EXERCISE AIM:
Print the listing below exactly, minus its pictures.

DATA BLOCK:
----
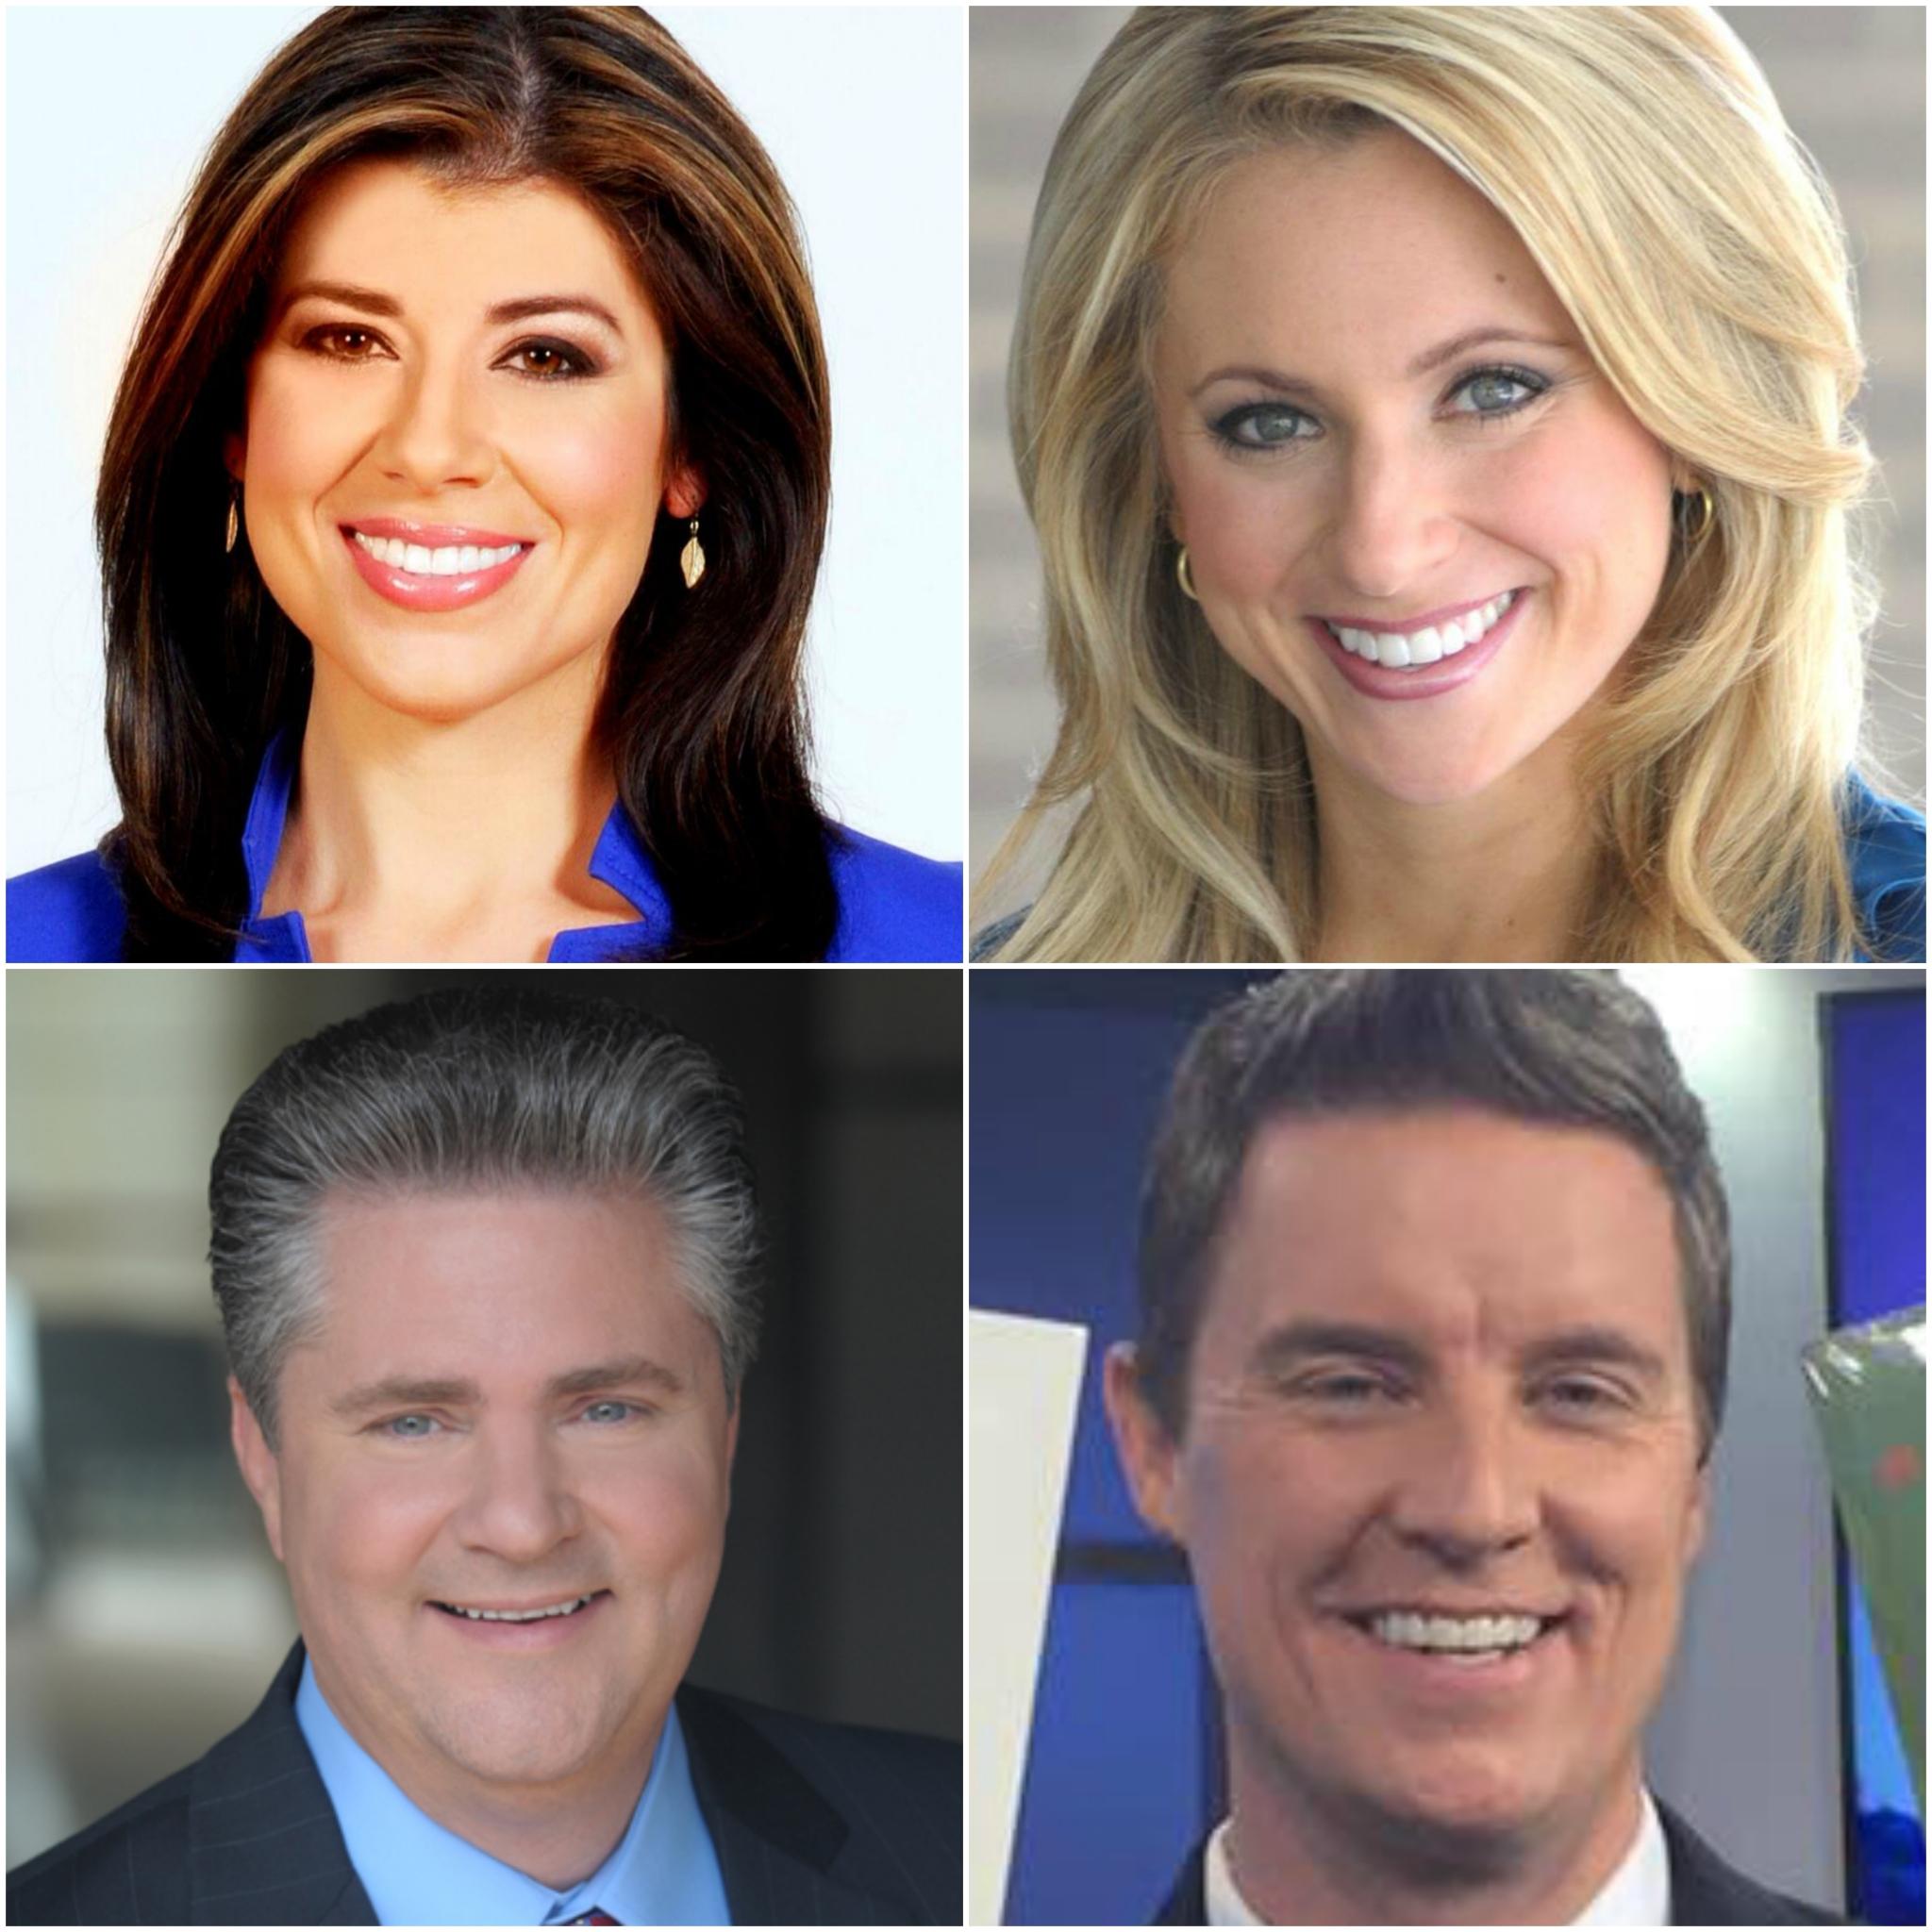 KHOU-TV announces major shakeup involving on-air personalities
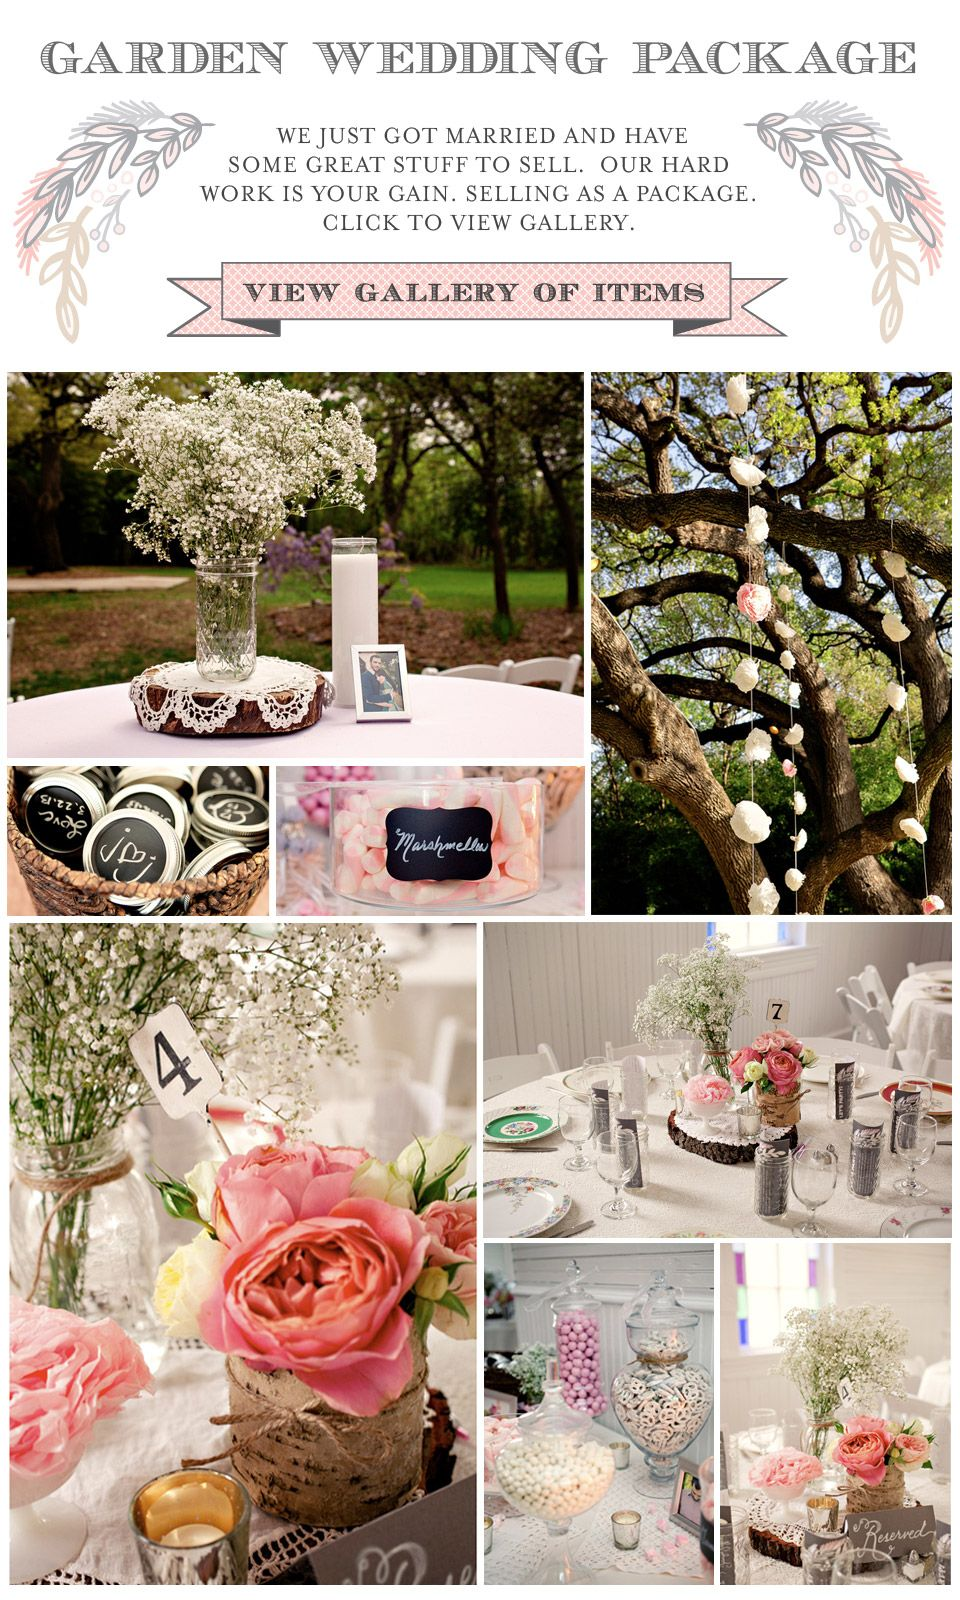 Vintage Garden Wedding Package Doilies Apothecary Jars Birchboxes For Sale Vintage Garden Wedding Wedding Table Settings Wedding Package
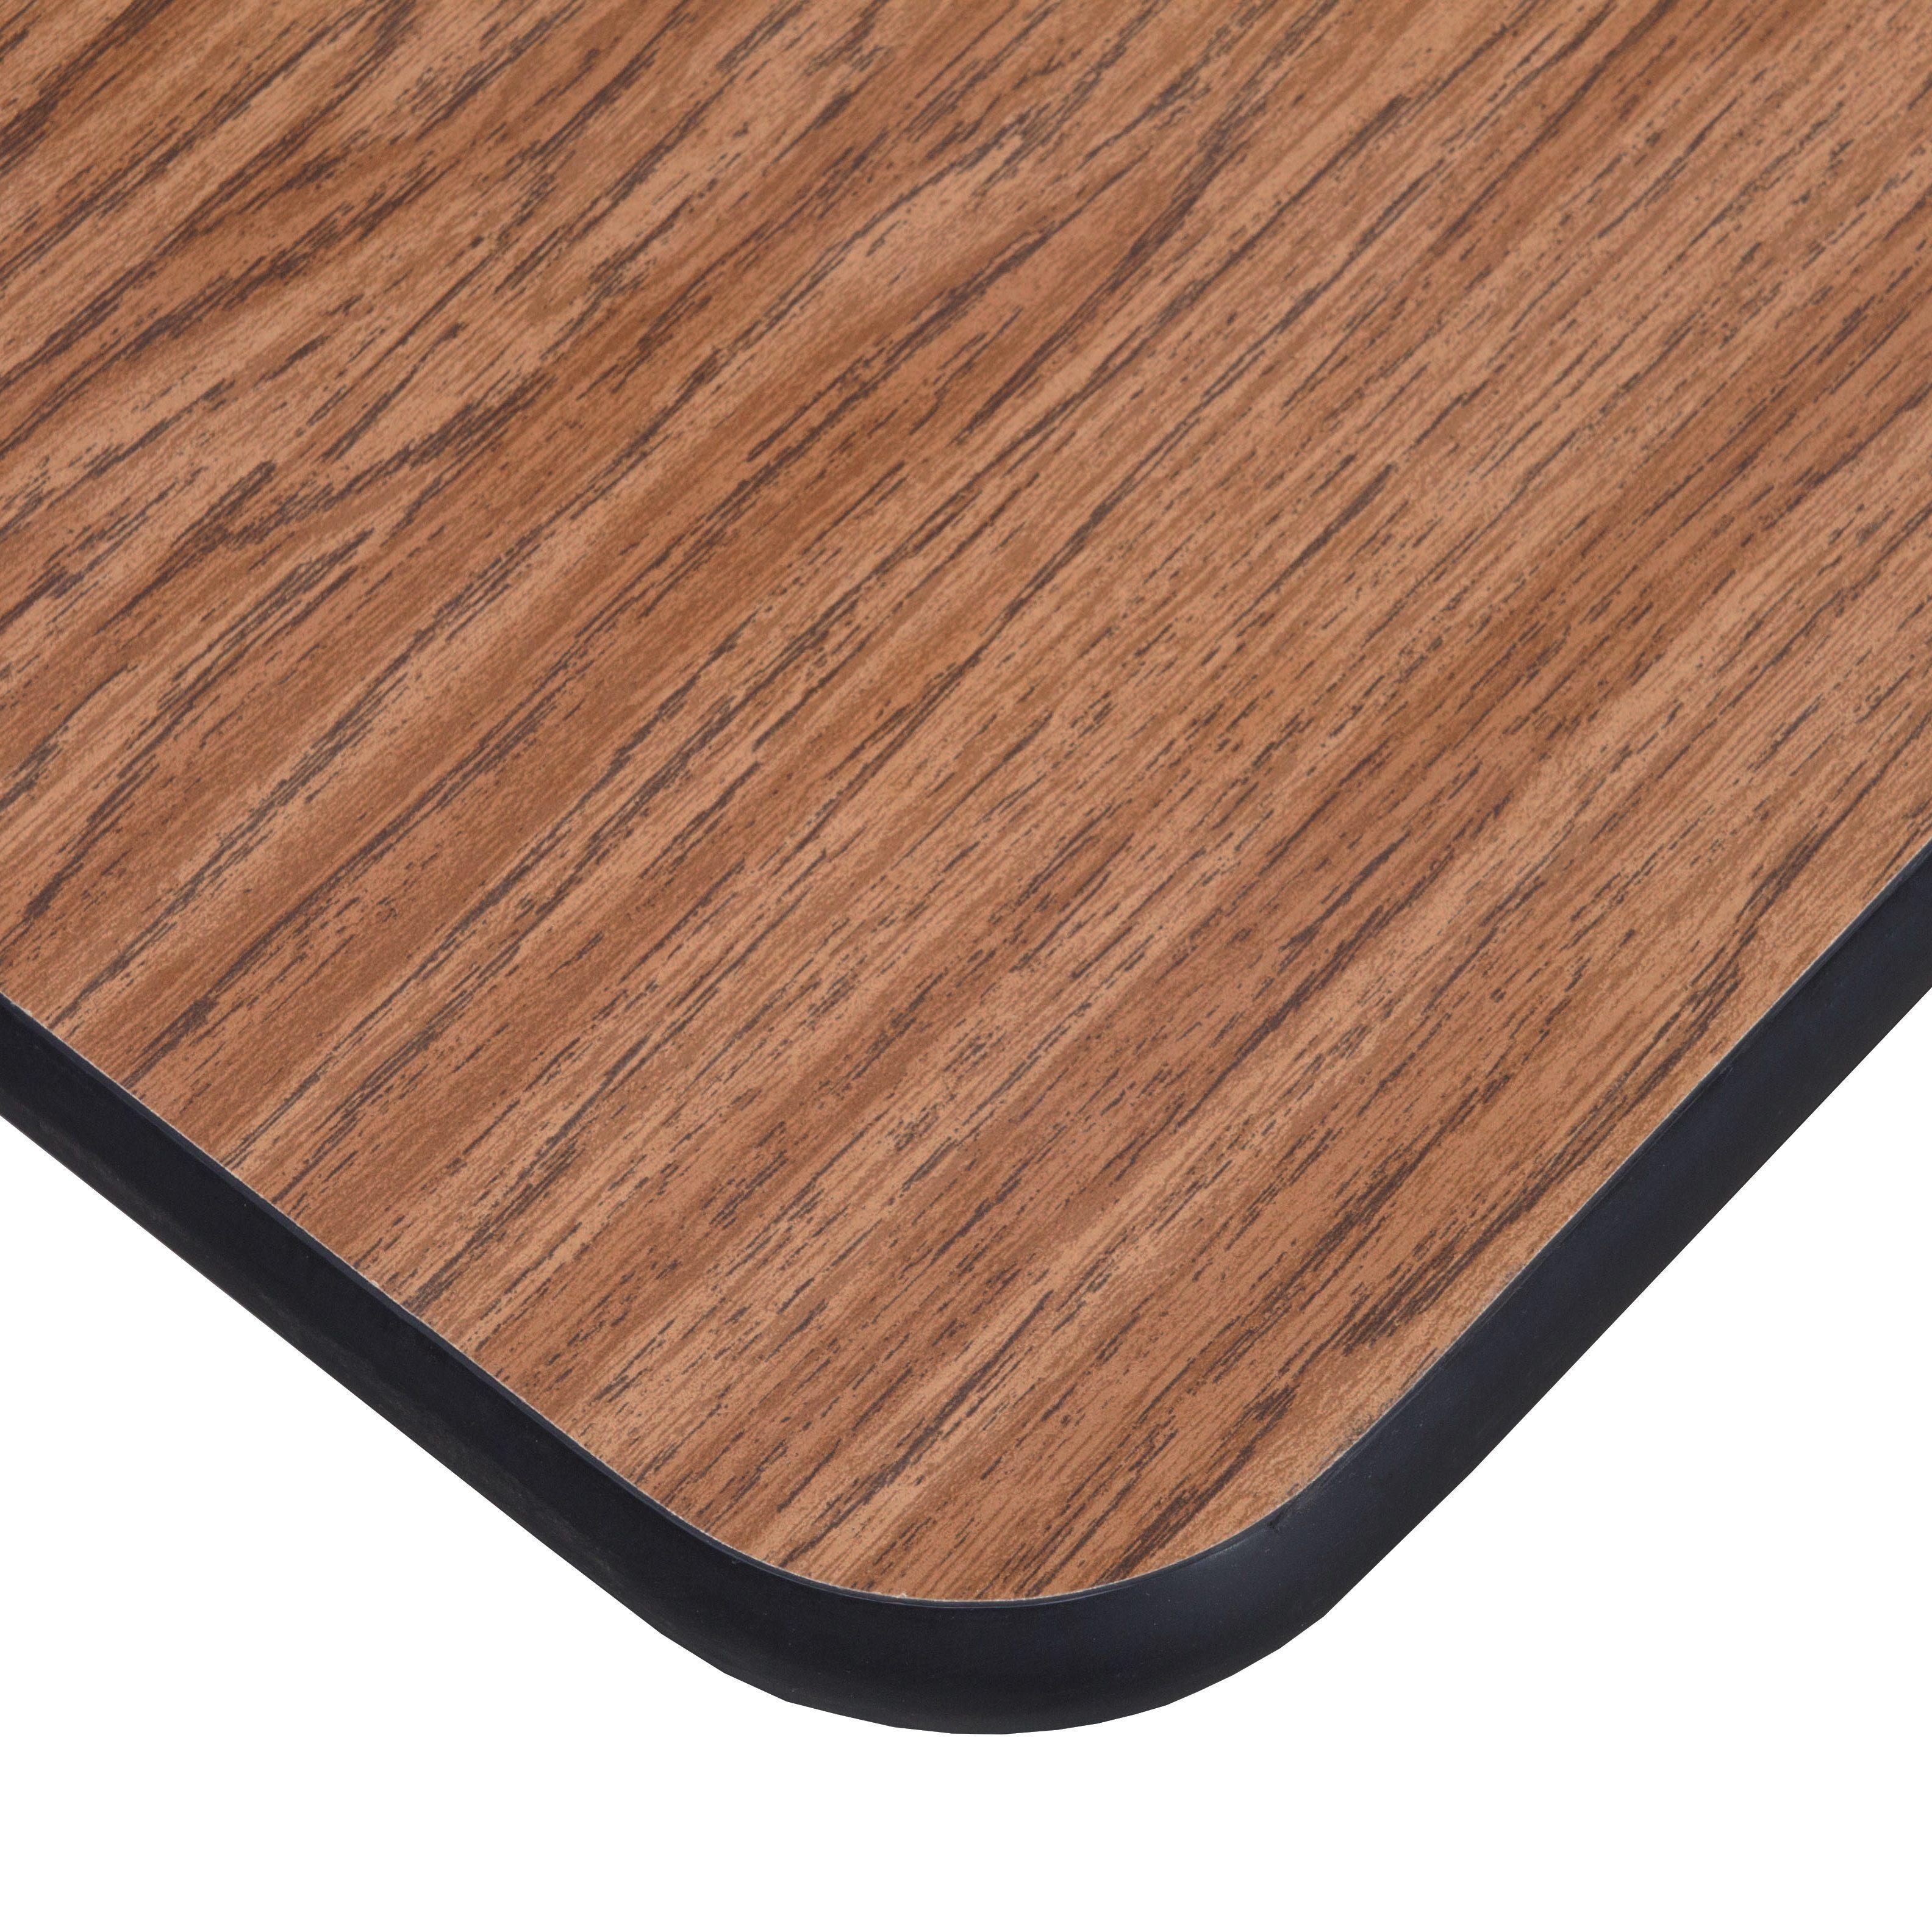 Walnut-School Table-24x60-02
----
OUTPUT BELOW:
 KHOU-TV announces major shakeup involving on-air personalities
 Vintage Garden Wedding Package Doilies Apothecary Jars Birchboxes For Sale Vintage Garden Wedding Wedding Table Settings Wedding Package
 Walnut-School Table-24x60-02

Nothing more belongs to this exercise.